An Army carry team carries the transfer case containing the remains of Army Sgt. Joshua A. Born of Niceville, Fla., upon arrival at Dover Air Force Base, Del. on Saturday, Feb. 25, 2012. The Department of Defense announced the death of Born who was supporting Operation Enduring Freedom in Afghanistan. ( AP Photo/Jose Luis Magana)

A sister of one of two U.S. military police officers killed in the violent backlash in Afghanistan over the burning of Qurans at a U.S. base says relatives of both men are devastated by their deaths.

Amanda Meland, the oldest sister of Cpl. T.J. Conrad of Roanoke, Va., who was posthumously promoted to sergeant, said he had spoken recently about the violent protests. Conrad, the father of a 7-month-old baby, deployed to Afghanistan in January and was to have celebrated his 23rd birthday on March 6.

“You see it on TV, you see it in the movies, but you just never expect it’s going to be your family or your soldier,” she told The Associated Press after being advised of Conrad’s death.

The bodies of Conrad and Sgt. Joshua Born, 25, of Niceville, Fla., both assigned to the Army’s Fort Stewart in Georgia, were returned Saturday to the military mortuary at Dover Air Force Base.

On Thursday, an Afghan soldier turned his gun on foreign troops, killing the two American soldiers, during a riot outside a U.S. base in Nangarhar province, officials have said.

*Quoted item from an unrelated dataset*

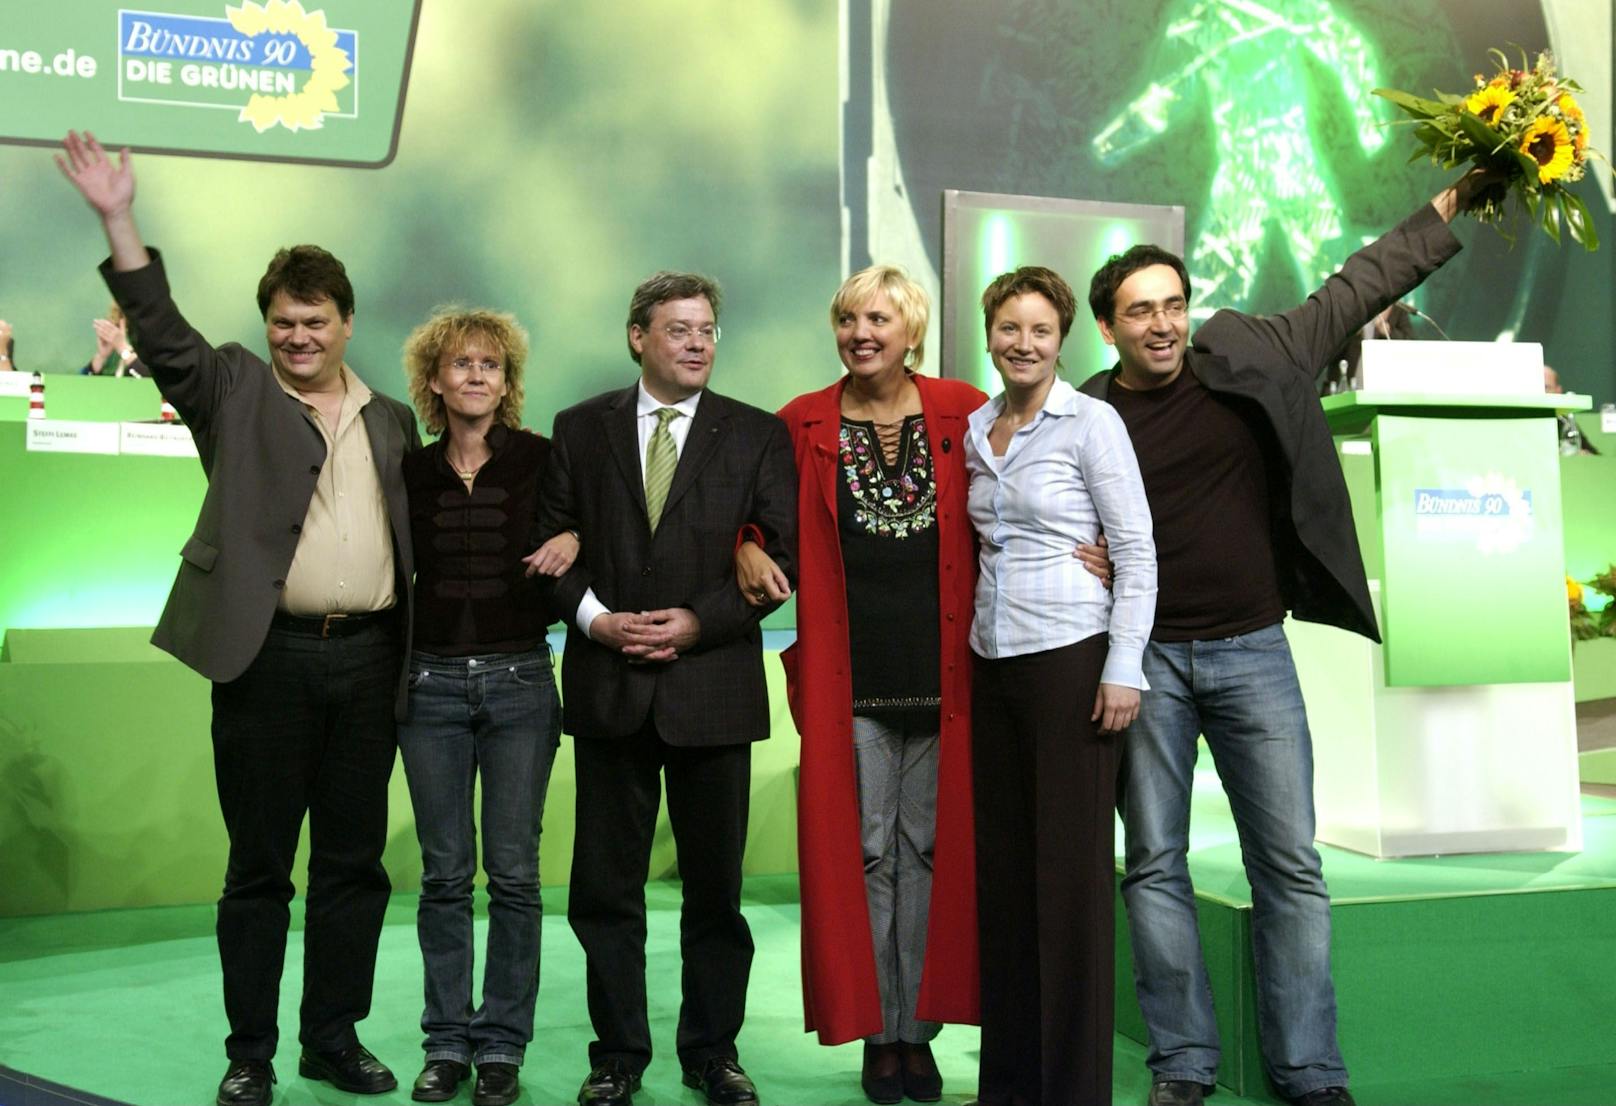 02.10.2004: Der frisch gewählte Bundesvorstand der deutschen Grünen. Mit dabei auch Katja Husen (2.v.r.)

Rising anti-American sentiments in that country over the Quran burnings have resulted in two more American deaths since: two U.S. military advisers — a lieutenant colonel and a major whose names were not immediately released — were found dead in their office with shots to the back of their heads. It is still unclear who shot the men inside a heavily secured wing of Afghanistan’s Interior Ministry, or if the attacker had been apprehended.

On Saturday, white-gloved military teams somberly lifted the flag-draped cases bearing the remains of Conrad and Born from an arriving plane at Dover Air Force Base before transferring them to the mortuary.

Contacted by AP, Meland said Conrad was in good spirits Wednesday when she and other relatives last spoke with him via Skype. She added: “… He did say that things were starting to get crazy from the backlash.”

Conrad wanted to make the military his career, planning to re-enlist and hoping to be stationed at Fort Eustis, Va., to be closer to family, according to his sister. Meland also said he was hoping to have another baby.

Meland said Conrad’s widow, Holly, was not at the couple’s house when military officials initially came to notify her of his death. “They had come earlier, but she was not there. She had actually just mailed out his birthday package,” Meland explained.

Born’s relatives could not immediately be reached.

Days of protests in Afghanistan prompted that country’s president on Sunday to appeal in a televised address to his compatriots for calm.

More than two dozen people, including the four U.S. troops, have been killed since Tuesday, when it first emerged that Qurans and religious materials had been thrown into a fire pit used to burn garbage at Bagram Air Field, a large U.S. base north of Kabul. President Barack Obama and other U.S. officials apologized and said it was a terrible mistake, but the incident has sent thousands into the streets in Afghanistan.